• **TASK INSTRUCTIONS**:
Without the pictures, write out all the lines below exactly as they appear.
··· RECORDED DATA
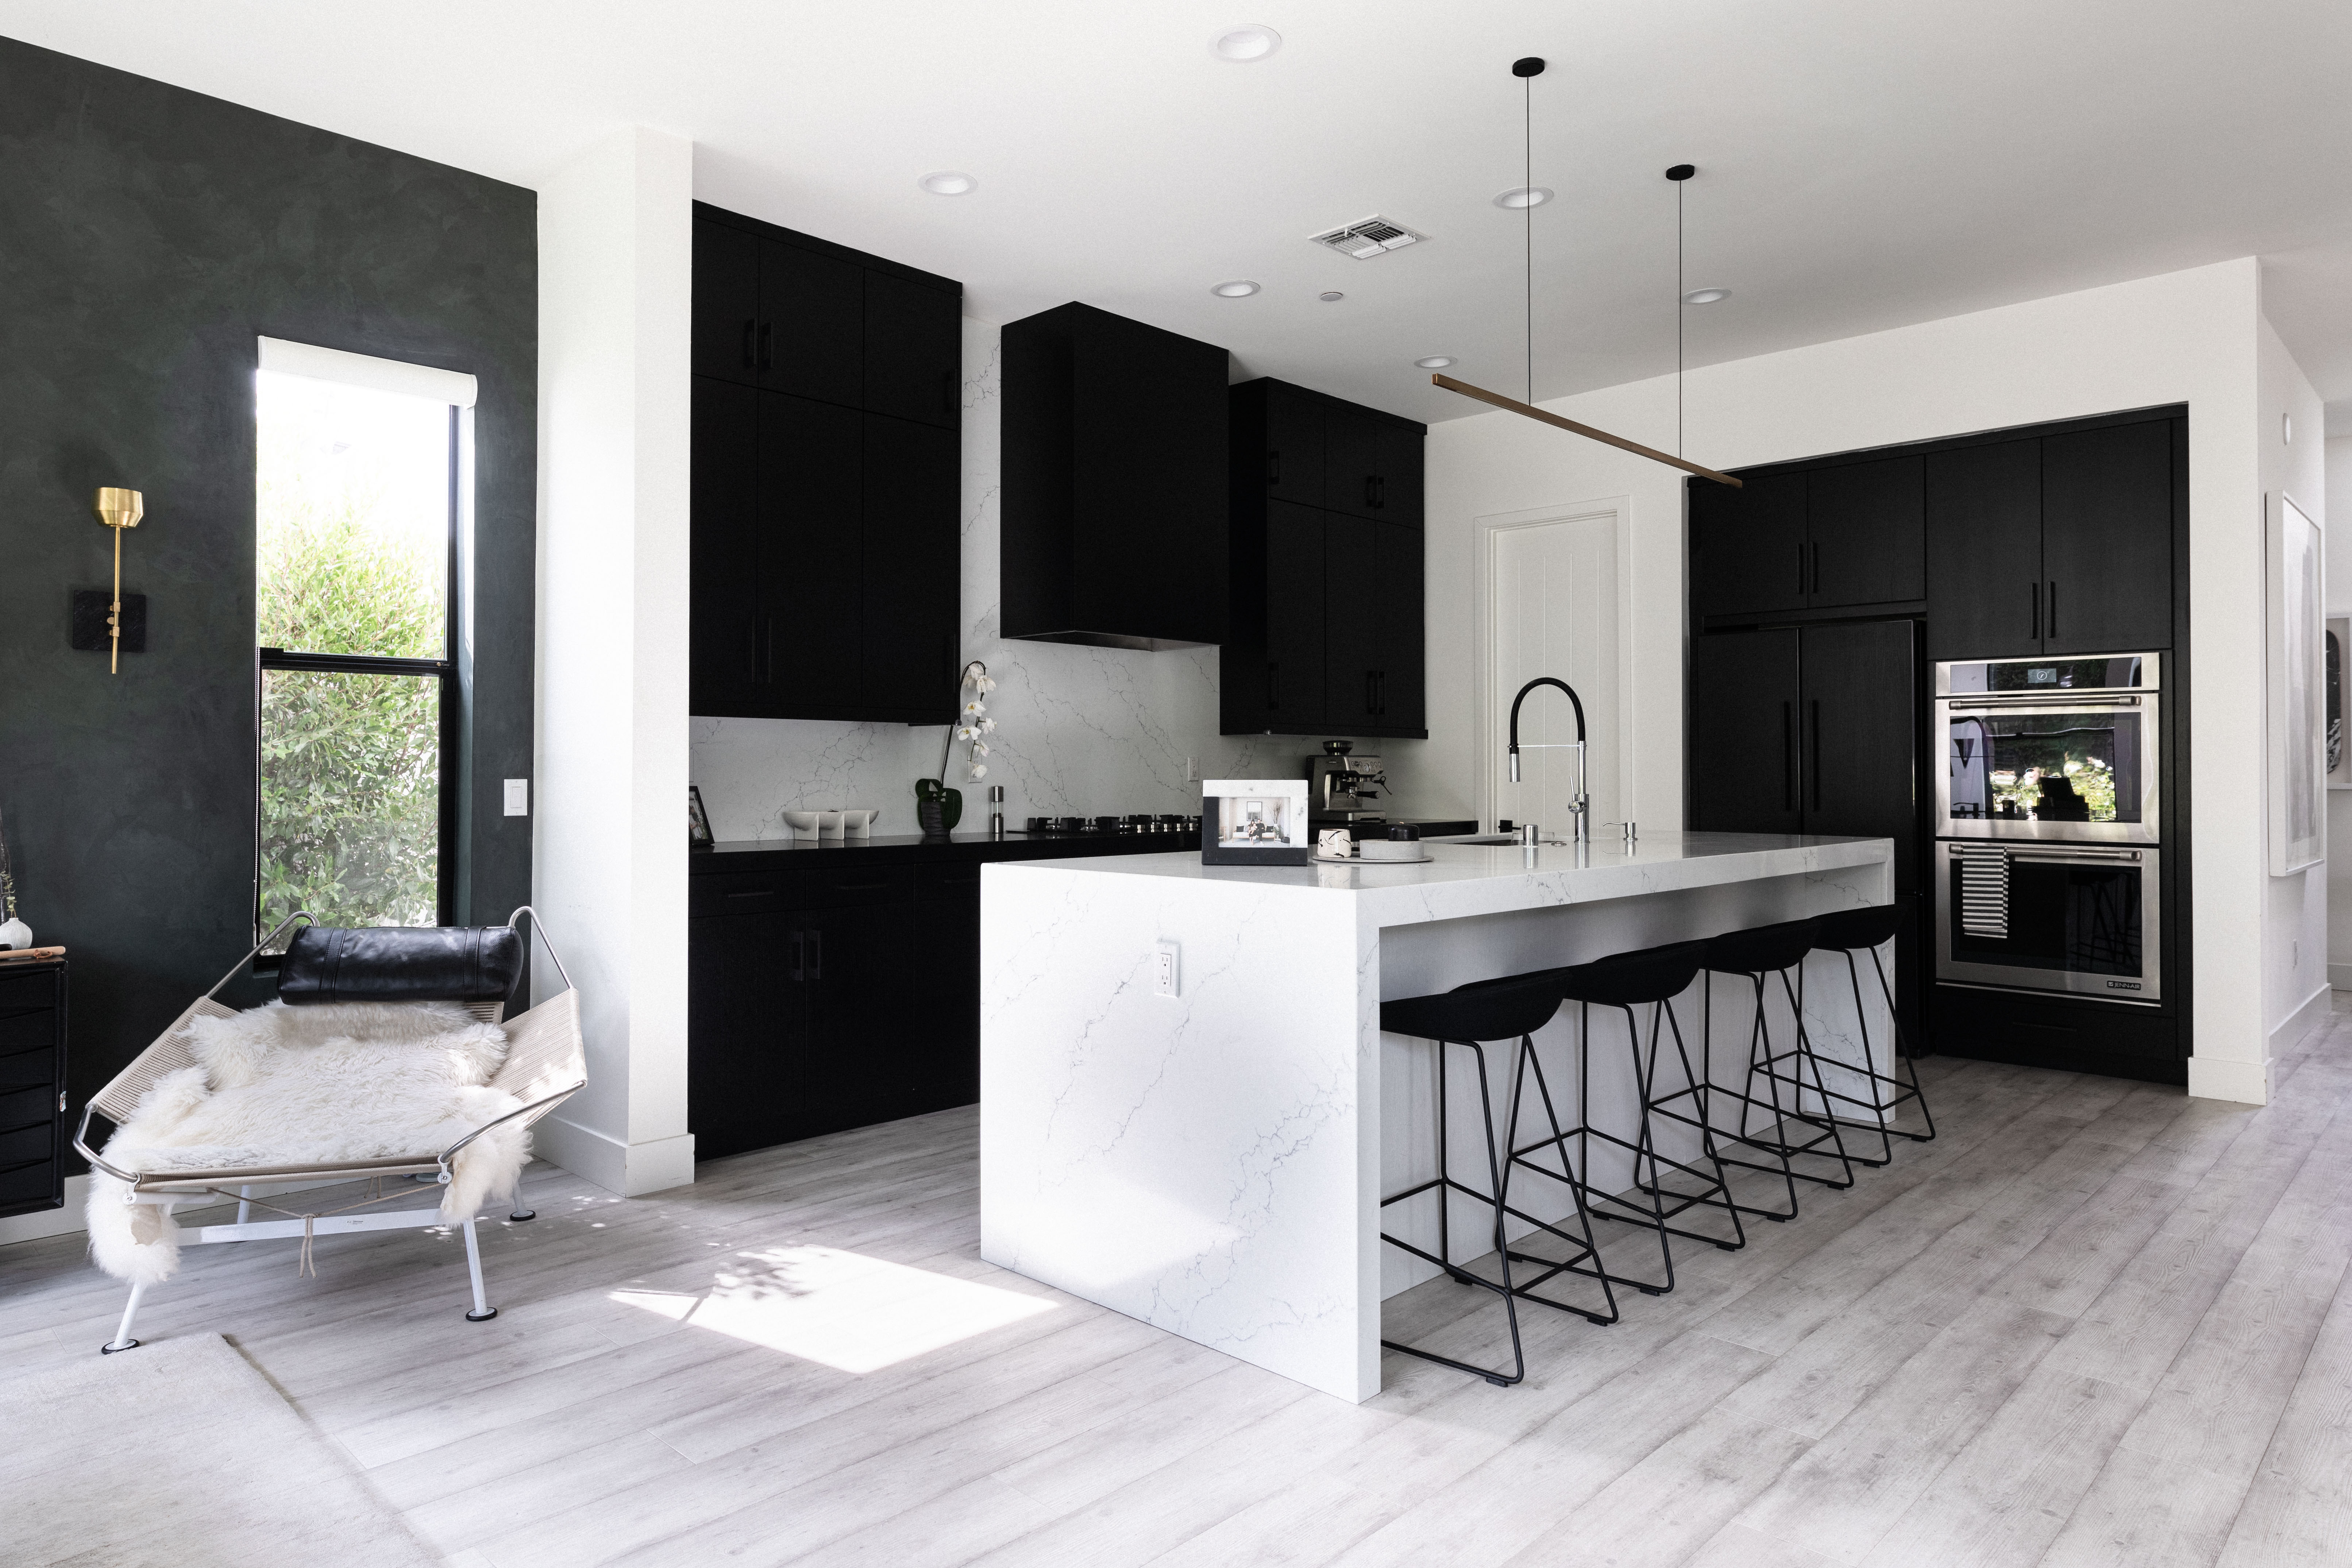 25 black-and-white kitchen ideas to take your cook space up a
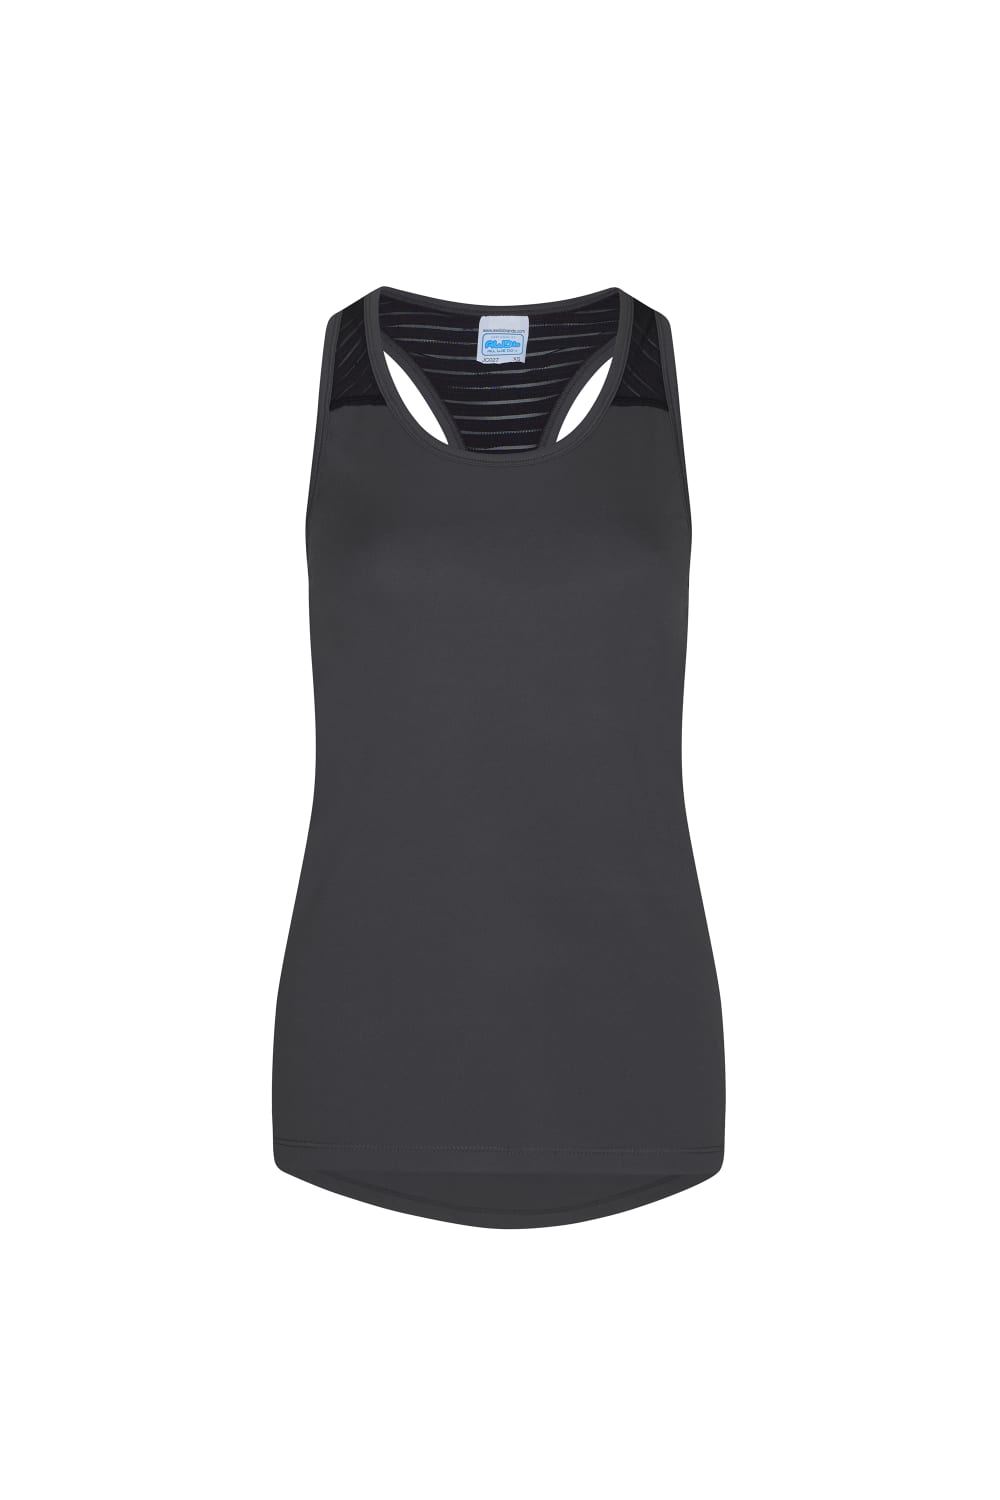 Womens/Ladies Girlie Smooth Workout Vest - Charcoal
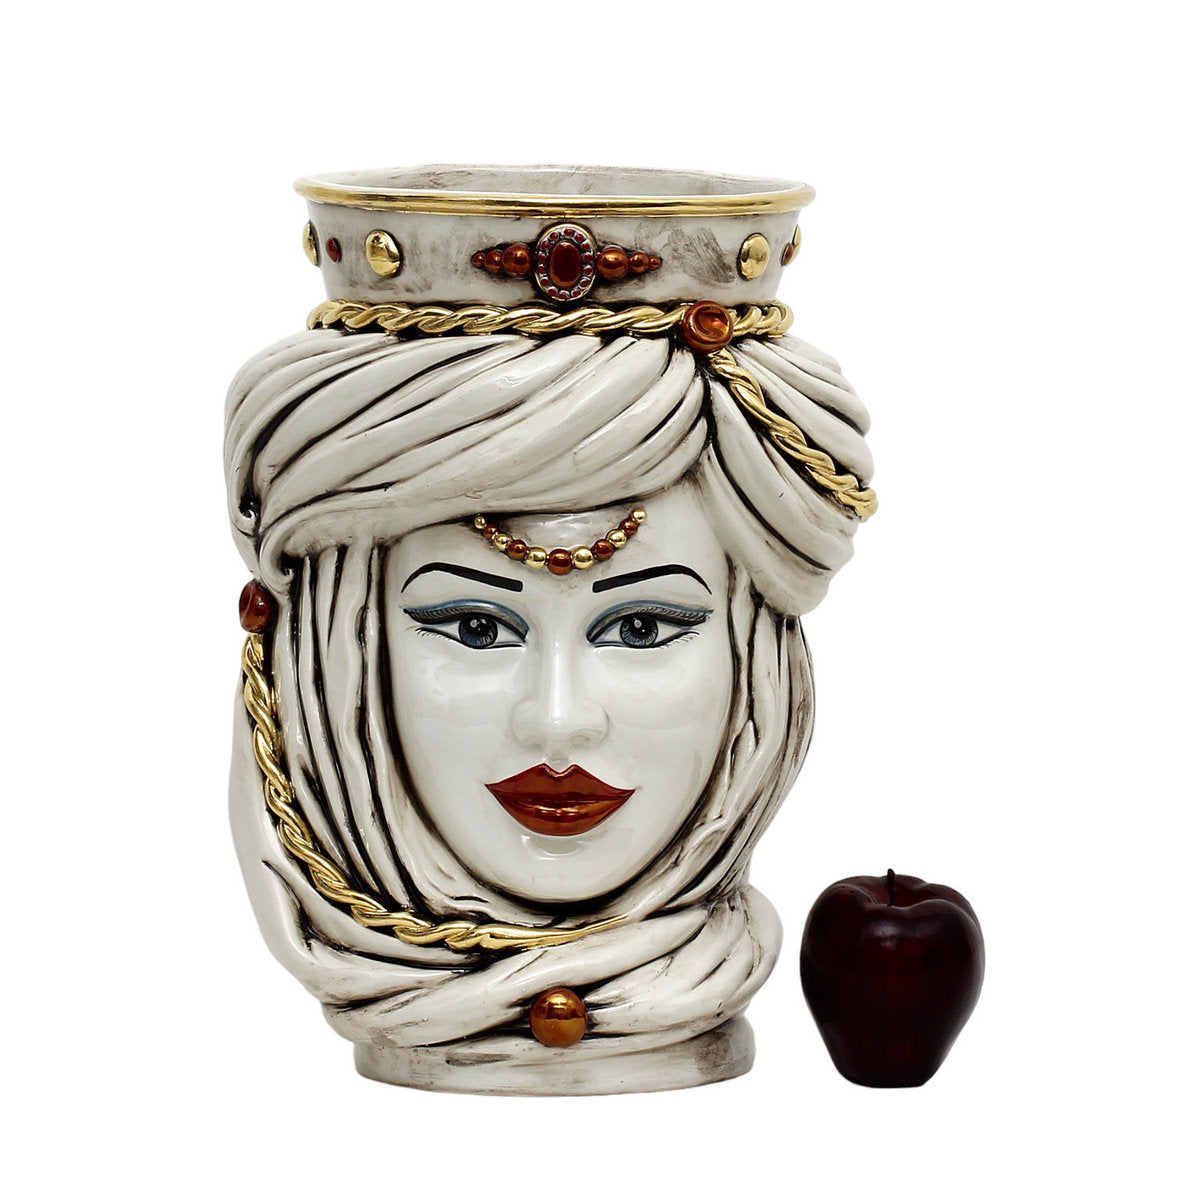 CALTAGIRONE: Moorish Sicilian Head Vase - Woman Antiqued White glaze with 24 Carats Gold Accents (Large)
······
• **RESULT FOR THIS EXERCISE**:
 25 black-and-white kitchen ideas to take your cook space up a
 Womens/Ladies Girlie Smooth Workout Vest - Charcoal
 CALTAGIRONE: Moorish Sicilian Head Vase - Woman Antiqued White glaze with 24 Carats Gold Accents (Large)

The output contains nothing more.